There are child collectors out there, especially among certain sets of evangelicals who see adoption as a means to salvation. They don’t have a great track record and often have to resort to illegal means (re-adoption of adopted kids unwanted by their current family) to get their kids.
Also note that Africa is pretty short on “starving orphans.” Most African kids have an appropriate and interested caregiver-- it’s not like Africans don’t have relatives. And I don’t think there is any part of Africa that is experiencing a famine right now. When there is famine, the answer is to help people get through the bad months, not destroy their families because they had a bad harvest one year.
Many adoptees out of Africa are trafficked children, and when we see large movements of children like those proposed by the OP they almost always are trafficked. Many have living parents and/or other family members. It’s not uncommon for families to be tricked into thinking the kid is going away temporarily for school, or for parents to have their kid stay in an orphanage for a short stay to relieve financial pressure (which a a normal thing to do), only to discover their kid has disappeared. Outright buying and selling of “orphans” for adoption is also sadly commonplace.
For a while it was really bad, with kids being basically torn from loving homes and sold by child brokers under the guise of adoption. We’ve had a few cases where entire planeloads of “orphans” were found to be perfect ordinary kids, some snatched right off the soccer field by their homes and shoved on a plane. African countries have wised up and tightened regulations, but people keep coming to war zones where there are fewer laws looking for kids to traffic.
So I would be very wary of anyone claiming to have access to 1,000 starving African kids.

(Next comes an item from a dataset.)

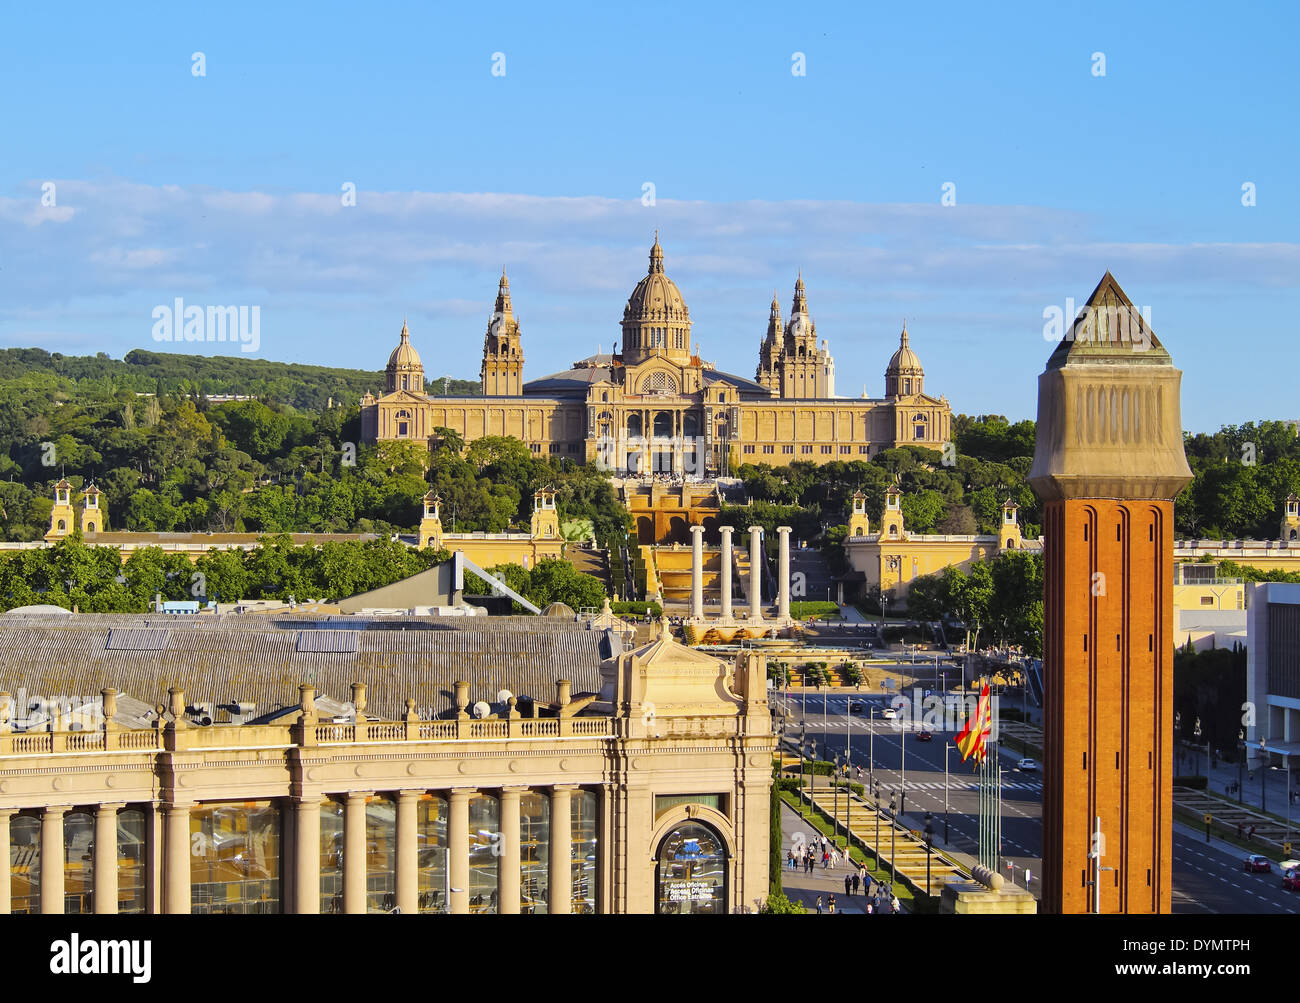 MNAC - National Museum of Art in Barcelona, Catalonia, Spain Stock Photo
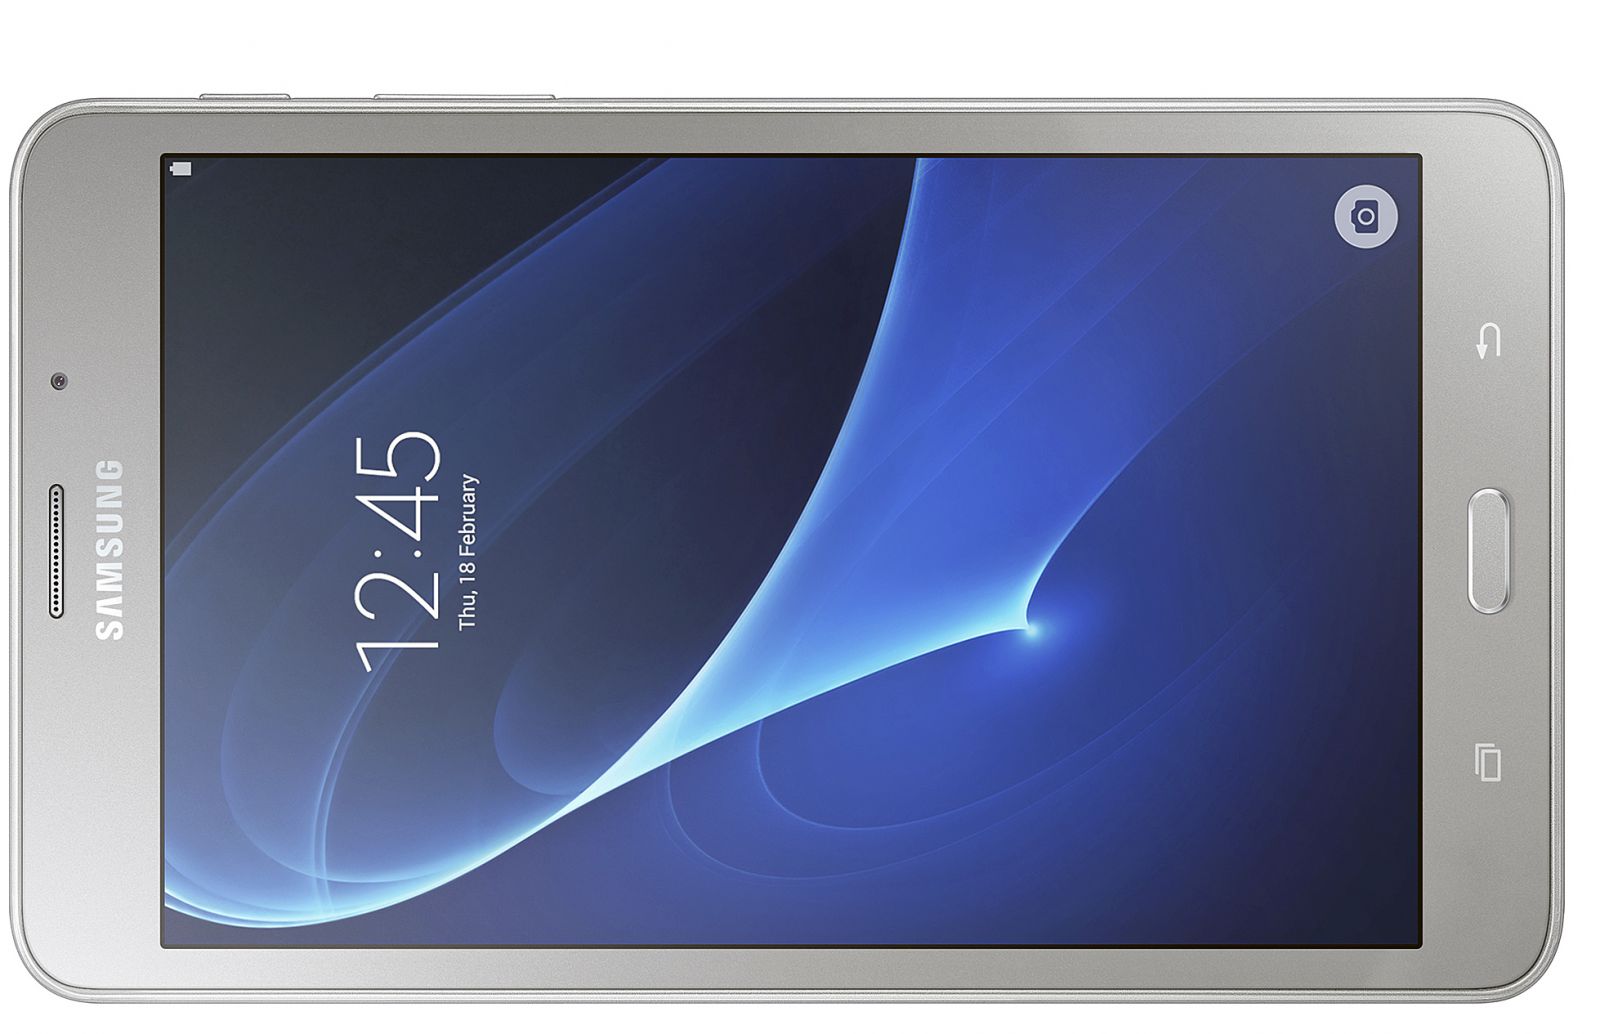 Samsung launches new tablet

In each individual adoption case, a case worker makes an evaluation of whether there is a qualified match between the adopter and the adoptee. If the case workers says that a family is already too large to provide a positive home environment for an additional child, then the adoption is declined. What that threshold would be would depend on the particulars of the individual family, as well as the whims of the case worker. A family with 19 children could very well adopy a 20th, while another family down the street with two might be refused a third, purely based on the observed household and family conditions.